_Task prompt_. Retype the records in full, and please keep the pictures out of the copy.

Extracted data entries
___
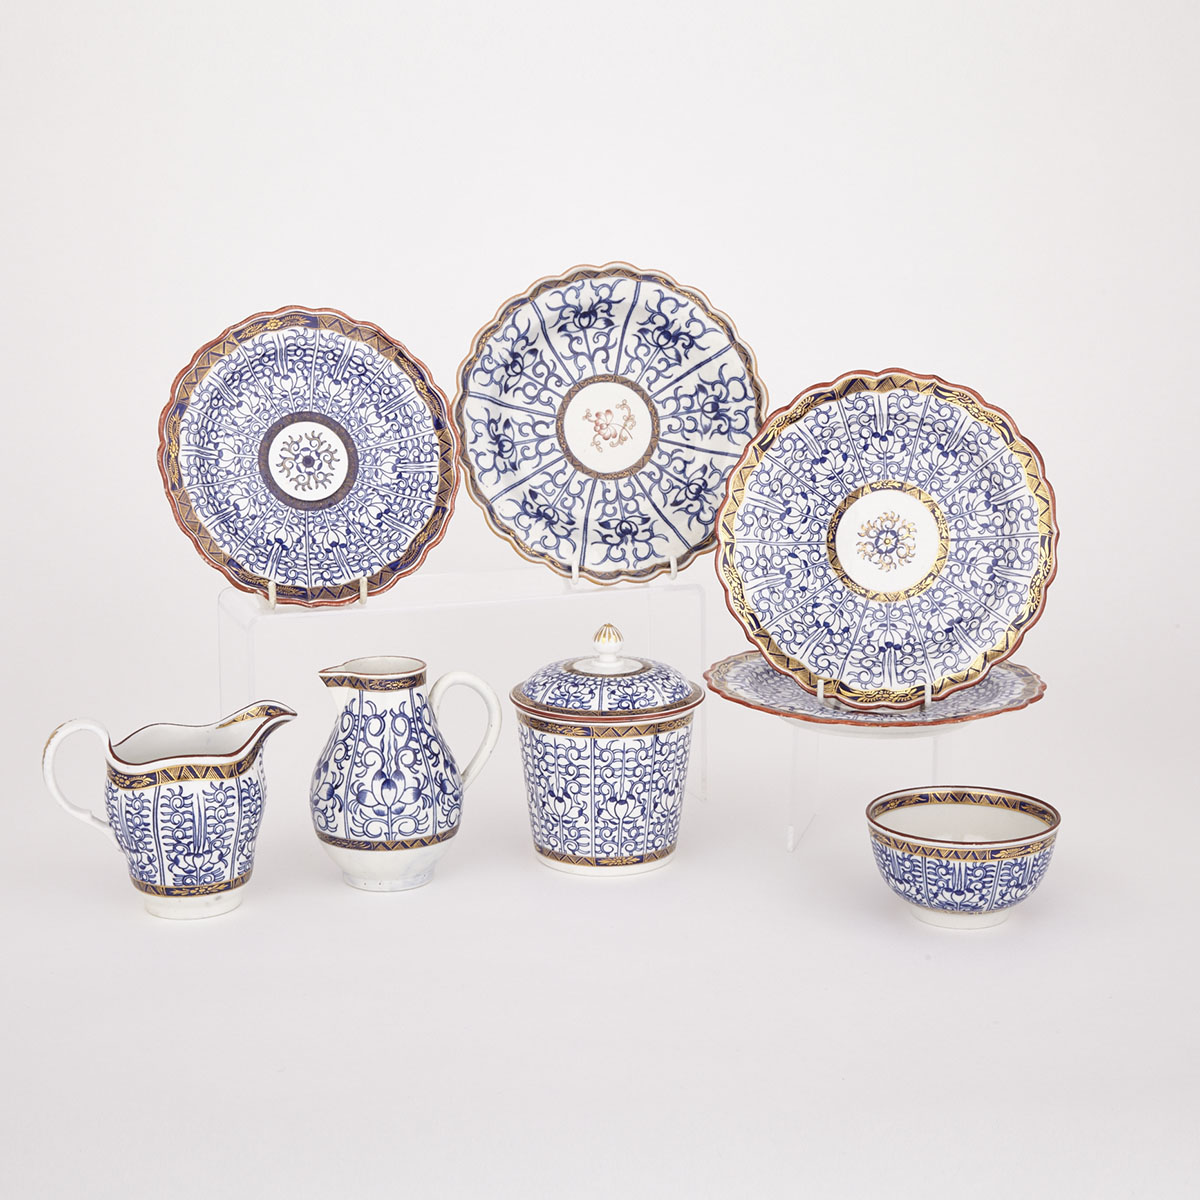 Worcester ‘Royal Lily’ Milk Jug, Cream Jug, Covered Canister, Sugar Bowl and Four Plates, late 18th century
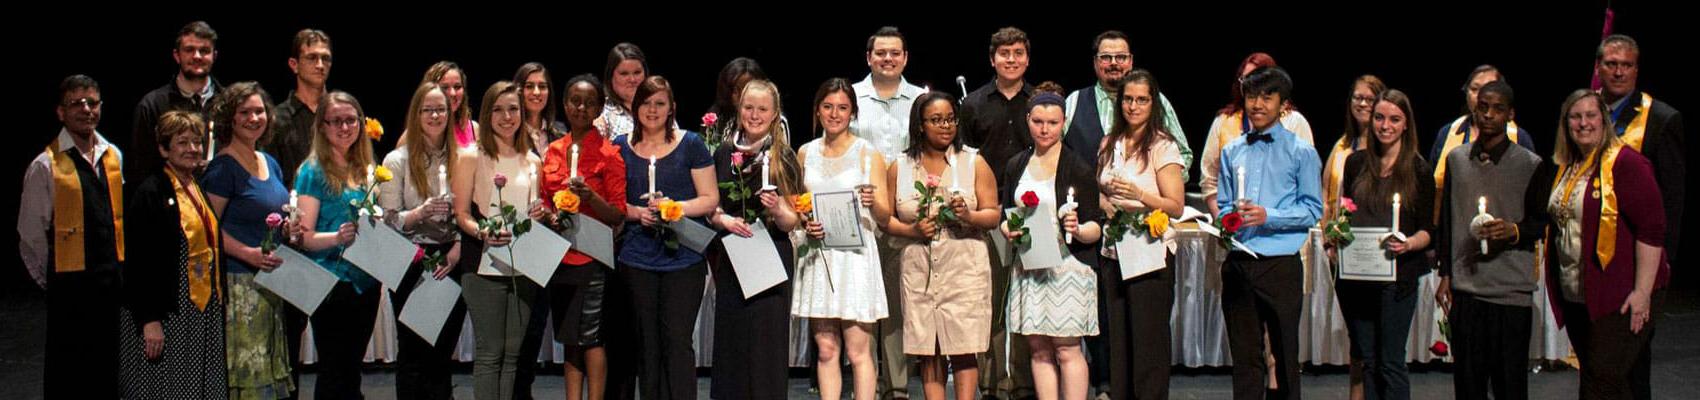 PTK students on stage at awards ceremony
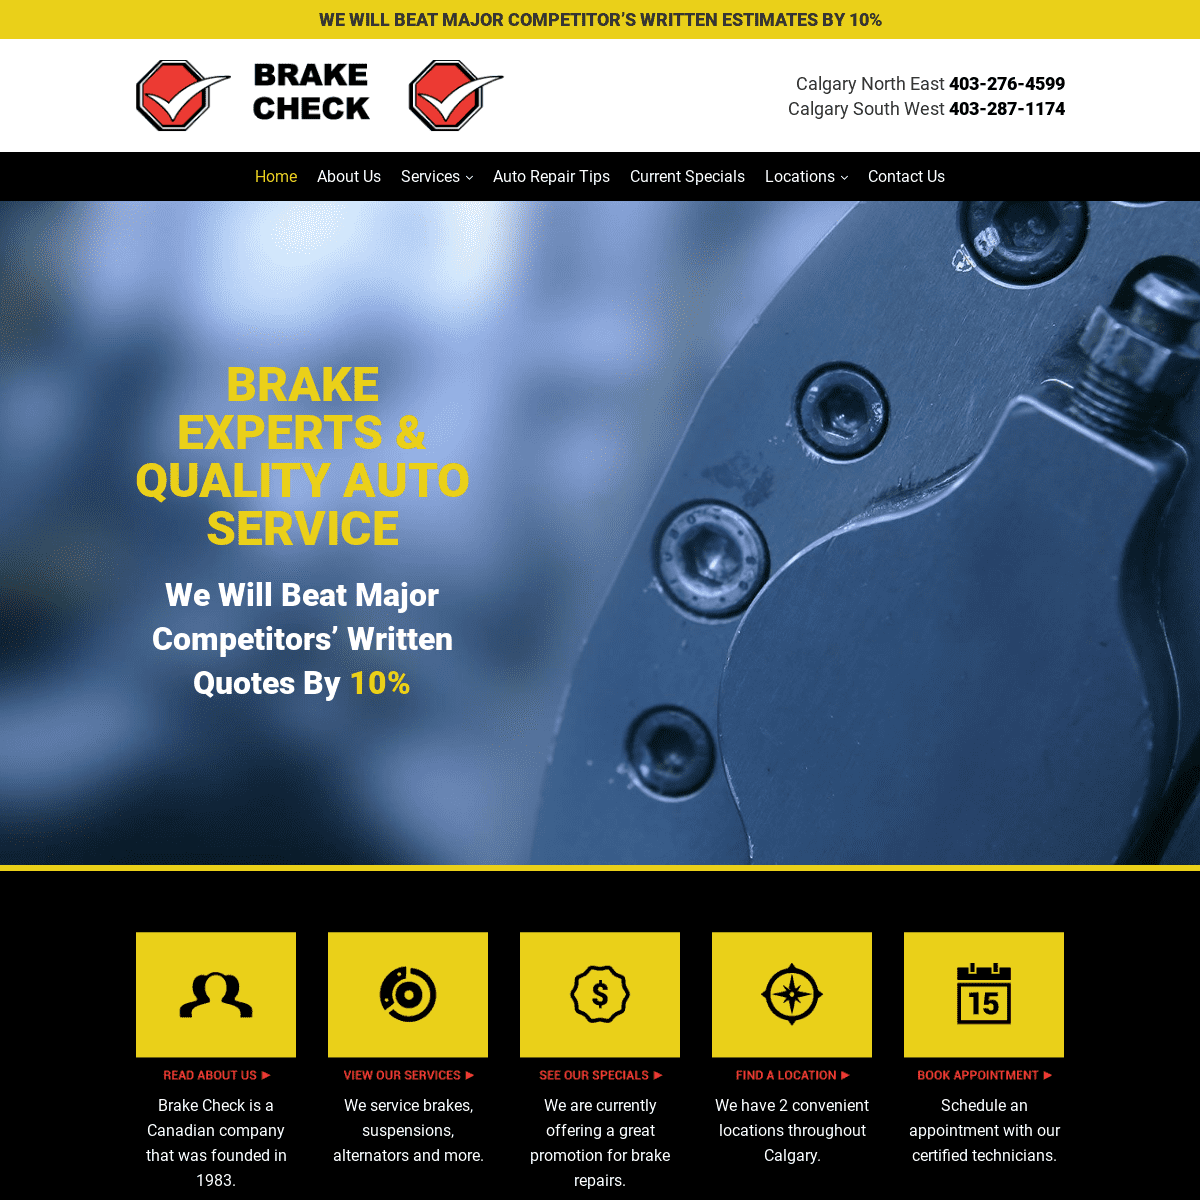 A complete backup of brakecheck.ca
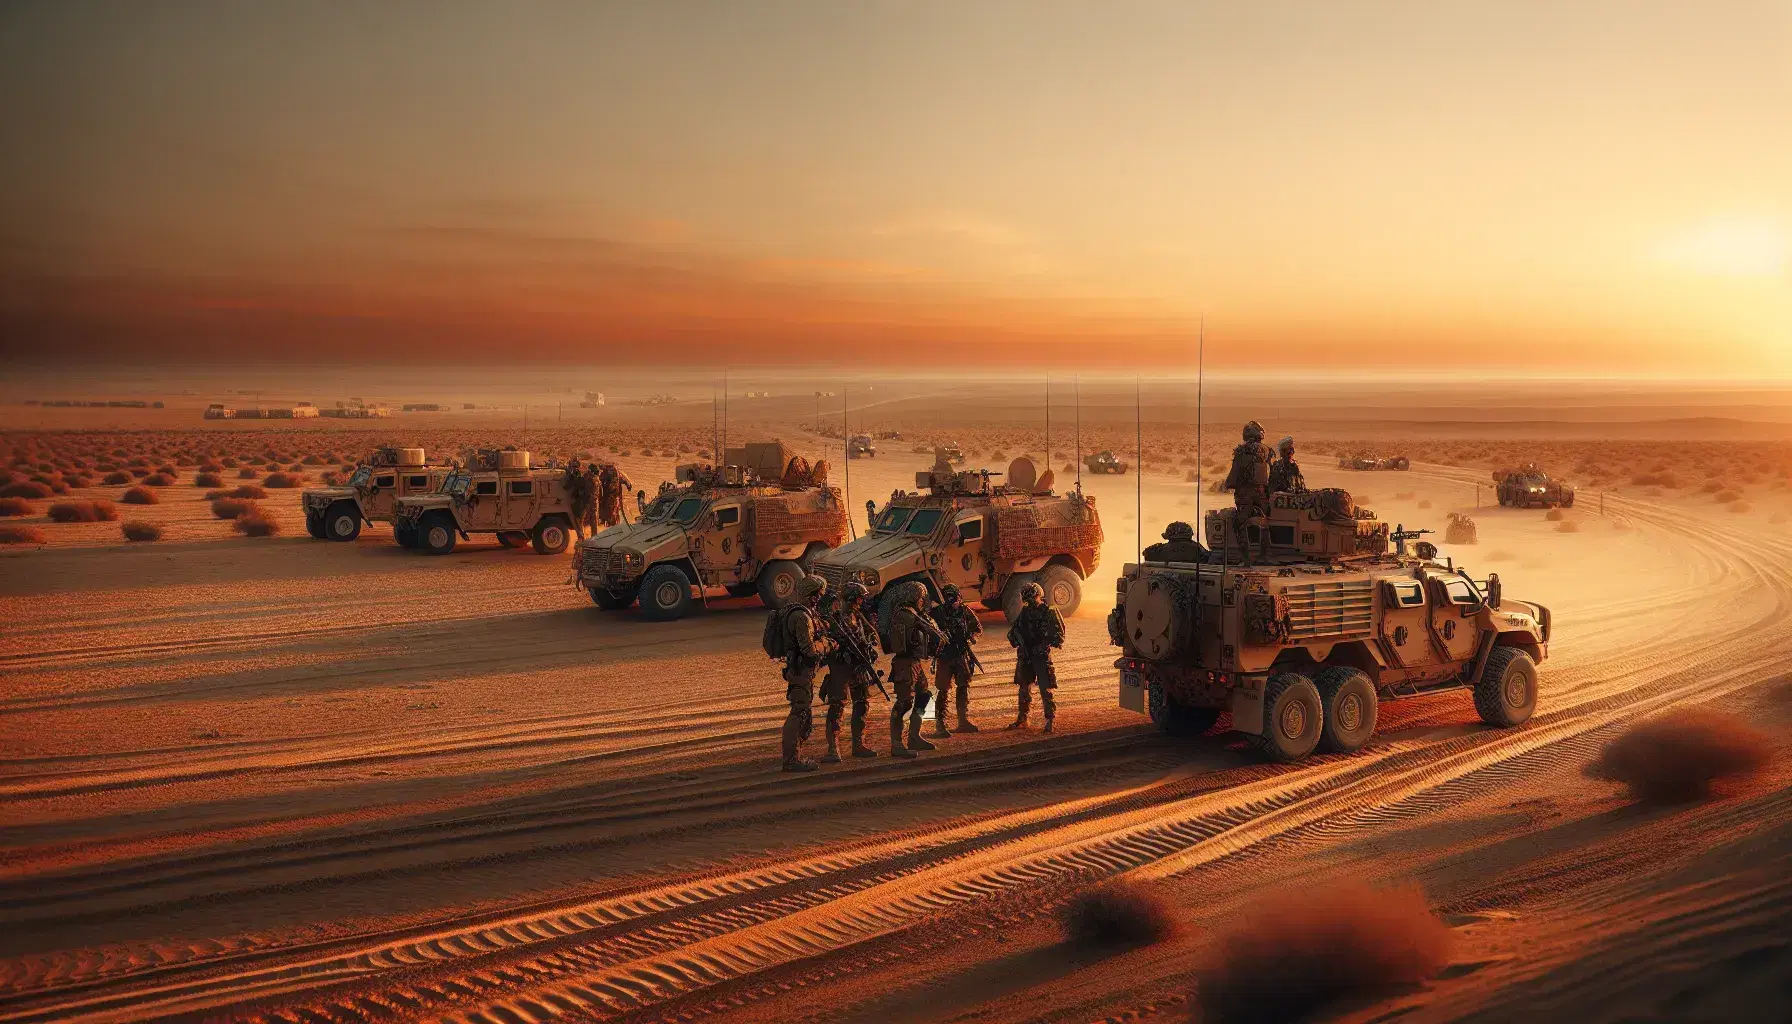 Military convoy with armored vehicles and soldiers in a desert at dusk, under a gradient sky transitioning from blue to orange.
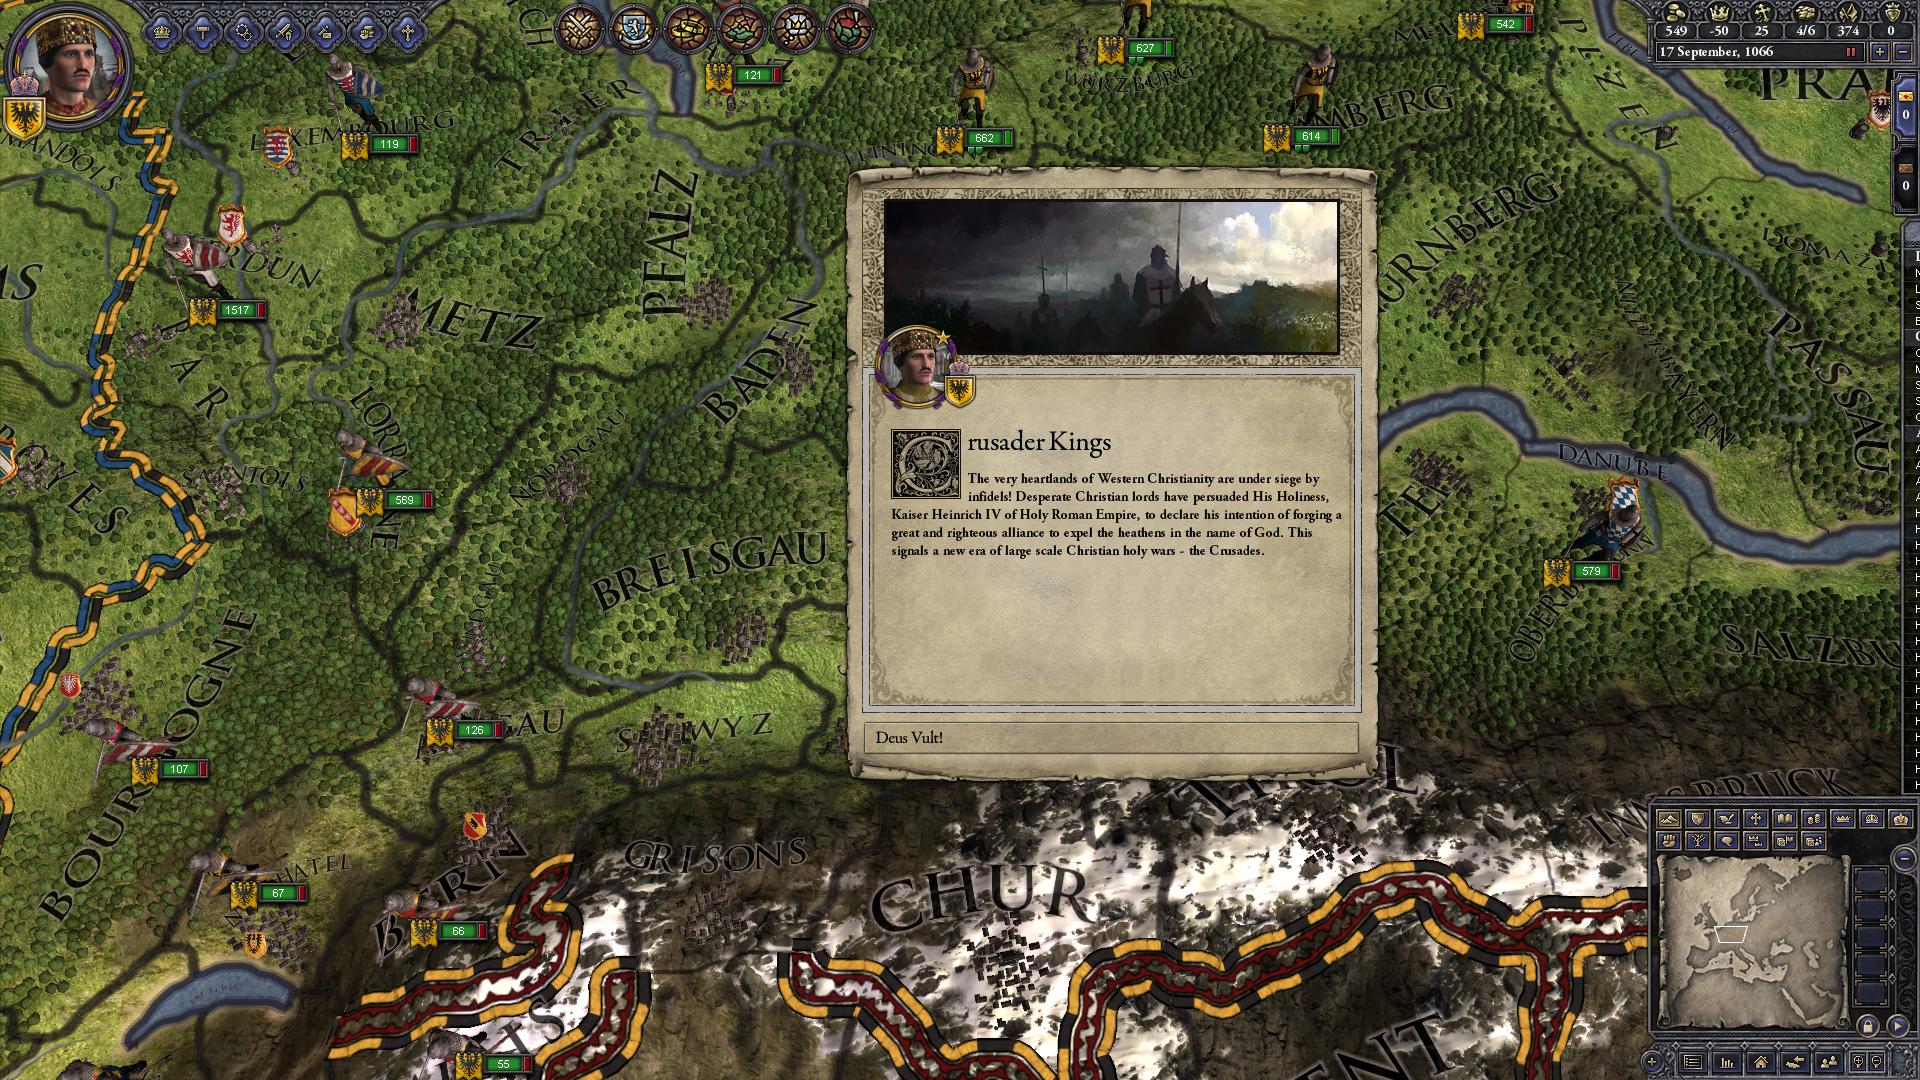 Expansion - Crusader Kings II: Sons of Abraham Featured Screenshot #1
___
_Answer to the exercise_.
 Worcester ‘Royal Lily’ Milk Jug, Cream Jug, Covered Canister, Sugar Bowl and Four Plates, late 18th century
 PTK students on stage at awards ceremony
 A complete backup of brakecheck.ca
 Military convoy with armored vehicles and soldiers in a desert at dusk, under a gradient sky transitioning from blue to orange.
 Expansion - Crusader Kings II: Sons of Abraham Featured Screenshot #1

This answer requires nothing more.